**Description of the task**
For each record below, write an exact copy.

[Data extracted from a collection]
========
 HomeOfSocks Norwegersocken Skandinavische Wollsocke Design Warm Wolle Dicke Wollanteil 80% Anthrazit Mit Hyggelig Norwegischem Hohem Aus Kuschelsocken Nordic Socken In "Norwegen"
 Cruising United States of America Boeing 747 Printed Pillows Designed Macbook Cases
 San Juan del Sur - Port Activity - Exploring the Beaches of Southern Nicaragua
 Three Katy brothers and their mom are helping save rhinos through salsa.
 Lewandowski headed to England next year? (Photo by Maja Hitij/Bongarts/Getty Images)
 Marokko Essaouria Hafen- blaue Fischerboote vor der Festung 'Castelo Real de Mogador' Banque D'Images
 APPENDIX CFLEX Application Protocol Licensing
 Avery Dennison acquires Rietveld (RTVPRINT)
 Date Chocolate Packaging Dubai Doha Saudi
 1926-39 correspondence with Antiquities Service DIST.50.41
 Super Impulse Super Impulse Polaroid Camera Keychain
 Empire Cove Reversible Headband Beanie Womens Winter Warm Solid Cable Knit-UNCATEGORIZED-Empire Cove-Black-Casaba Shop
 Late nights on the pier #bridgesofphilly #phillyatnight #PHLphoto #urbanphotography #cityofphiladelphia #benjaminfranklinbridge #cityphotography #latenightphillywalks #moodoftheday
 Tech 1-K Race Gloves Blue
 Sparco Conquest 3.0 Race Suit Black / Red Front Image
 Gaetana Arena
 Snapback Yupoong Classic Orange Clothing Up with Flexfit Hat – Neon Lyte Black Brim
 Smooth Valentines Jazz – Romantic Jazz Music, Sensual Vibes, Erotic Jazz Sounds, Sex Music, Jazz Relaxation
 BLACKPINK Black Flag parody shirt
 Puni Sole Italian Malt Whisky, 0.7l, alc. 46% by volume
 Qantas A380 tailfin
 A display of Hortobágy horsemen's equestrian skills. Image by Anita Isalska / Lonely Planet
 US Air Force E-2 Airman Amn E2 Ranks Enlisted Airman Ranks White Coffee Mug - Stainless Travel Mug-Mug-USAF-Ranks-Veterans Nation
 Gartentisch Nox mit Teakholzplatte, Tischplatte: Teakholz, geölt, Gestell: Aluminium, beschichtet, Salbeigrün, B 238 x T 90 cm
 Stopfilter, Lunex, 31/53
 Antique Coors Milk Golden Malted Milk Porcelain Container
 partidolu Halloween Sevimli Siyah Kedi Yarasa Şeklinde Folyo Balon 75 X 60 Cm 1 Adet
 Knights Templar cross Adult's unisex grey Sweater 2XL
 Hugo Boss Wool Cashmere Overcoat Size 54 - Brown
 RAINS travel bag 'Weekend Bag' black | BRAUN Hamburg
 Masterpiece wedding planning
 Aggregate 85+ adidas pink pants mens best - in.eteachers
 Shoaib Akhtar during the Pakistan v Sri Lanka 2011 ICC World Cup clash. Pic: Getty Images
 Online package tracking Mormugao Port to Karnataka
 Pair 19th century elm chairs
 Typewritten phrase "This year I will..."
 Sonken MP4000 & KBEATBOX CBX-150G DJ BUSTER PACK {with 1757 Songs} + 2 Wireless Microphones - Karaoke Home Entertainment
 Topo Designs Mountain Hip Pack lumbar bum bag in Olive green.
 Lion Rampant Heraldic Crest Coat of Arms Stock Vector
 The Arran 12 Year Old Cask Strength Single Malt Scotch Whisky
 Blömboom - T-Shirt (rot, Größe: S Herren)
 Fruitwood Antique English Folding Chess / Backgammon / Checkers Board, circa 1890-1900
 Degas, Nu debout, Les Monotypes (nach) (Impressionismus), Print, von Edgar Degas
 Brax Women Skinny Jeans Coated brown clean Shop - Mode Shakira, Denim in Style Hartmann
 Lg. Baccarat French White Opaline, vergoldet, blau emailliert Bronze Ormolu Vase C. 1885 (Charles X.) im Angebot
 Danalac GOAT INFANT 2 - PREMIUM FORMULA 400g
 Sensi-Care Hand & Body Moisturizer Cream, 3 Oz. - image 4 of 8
========
**The answer**
 HomeOfSocks Norwegersocken Skandinavische Wollsocke Design Warm Wolle Dicke Wollanteil 80% Anthrazit Mit Hyggelig Norwegischem Hohem Aus Kuschelsocken Nordic Socken In "Norwegen"
 Cruising United States of America Boeing 747 Printed Pillows Designed Macbook Cases
 San Juan del Sur - Port Activity - Exploring the Beaches of Southern Nicaragua
 Three Katy brothers and their mom are helping save rhinos through salsa.
 Lewandowski headed to England next year? (Photo by Maja Hitij/Bongarts/Getty Images)
 Marokko Essaouria Hafen- blaue Fischerboote vor der Festung 'Castelo Real de Mogador' Banque D'Images
 APPENDIX CFLEX Application Protocol Licensing
 Avery Dennison acquires Rietveld (RTVPRINT)
 Date Chocolate Packaging Dubai Doha Saudi
 1926-39 correspondence with Antiquities Service DIST.50.41
 Super Impulse Super Impulse Polaroid Camera Keychain
 Empire Cove Reversible Headband Beanie Womens Winter Warm Solid Cable Knit-UNCATEGORIZED-Empire Cove-Black-Casaba Shop
 Late nights on the pier #bridgesofphilly #phillyatnight #PHLphoto #urbanphotography #cityofphiladelphia #benjaminfranklinbridge #cityphotography #latenightphillywalks #moodoftheday
 Tech 1-K Race Gloves Blue
 Sparco Conquest 3.0 Race Suit Black / Red Front Image
 Gaetana Arena
 Snapback Yupoong Classic Orange Clothing Up with Flexfit Hat – Neon Lyte Black Brim
 Smooth Valentines Jazz – Romantic Jazz Music, Sensual Vibes, Erotic Jazz Sounds, Sex Music, Jazz Relaxation
 BLACKPINK Black Flag parody shirt
 Puni Sole Italian Malt Whisky, 0.7l, alc. 46% by volume
 Qantas A380 tailfin
 A display of Hortobágy horsemen's equestrian skills. Image by Anita Isalska / Lonely Planet
 US Air Force E-2 Airman Amn E2 Ranks Enlisted Airman Ranks White Coffee Mug - Stainless Travel Mug-Mug-USAF-Ranks-Veterans Nation
 Gartentisch Nox mit Teakholzplatte, Tischplatte: Teakholz, geölt, Gestell: Aluminium, beschichtet, Salbeigrün, B 238 x T 90 cm
 Stopfilter, Lunex, 31/53
 Antique Coors Milk Golden Malted Milk Porcelain Container
 partidolu Halloween Sevimli Siyah Kedi Yarasa Şeklinde Folyo Balon 75 X 60 Cm 1 Adet
 Knights Templar cross Adult's unisex grey Sweater 2XL
 Hugo Boss Wool Cashmere Overcoat Size 54 - Brown
 RAINS travel bag 'Weekend Bag' black | BRAUN Hamburg
 Masterpiece wedding planning
 Aggregate 85+ adidas pink pants mens best - in.eteachers
 Shoaib Akhtar during the Pakistan v Sri Lanka 2011 ICC World Cup clash. Pic: Getty Images
 Online package tracking Mormugao Port to Karnataka
 Pair 19th century elm chairs
 Typewritten phrase "This year I will..."
 Sonken MP4000 & KBEATBOX CBX-150G DJ BUSTER PACK {with 1757 Songs} + 2 Wireless Microphones - Karaoke Home Entertainment
 Topo Designs Mountain Hip Pack lumbar bum bag in Olive green.
 Lion Rampant Heraldic Crest Coat of Arms Stock Vector
 The Arran 12 Year Old Cask Strength Single Malt Scotch Whisky
 Blömboom - T-Shirt (rot, Größe: S Herren)
 Fruitwood Antique English Folding Chess / Backgammon / Checkers Board, circa 1890-1900
 Degas, Nu debout, Les Monotypes (nach) (Impressionismus), Print, von Edgar Degas
 Brax Women Skinny Jeans Coated brown clean Shop - Mode Shakira, Denim in Style Hartmann
 Lg. Baccarat French White Opaline, vergoldet, blau emailliert Bronze Ormolu Vase C. 1885 (Charles X.) im Angebot
 Danalac GOAT INFANT 2 - PREMIUM FORMULA 400g
 Sensi-Care Hand & Body Moisturizer Cream, 3 Oz. - image 4 of 8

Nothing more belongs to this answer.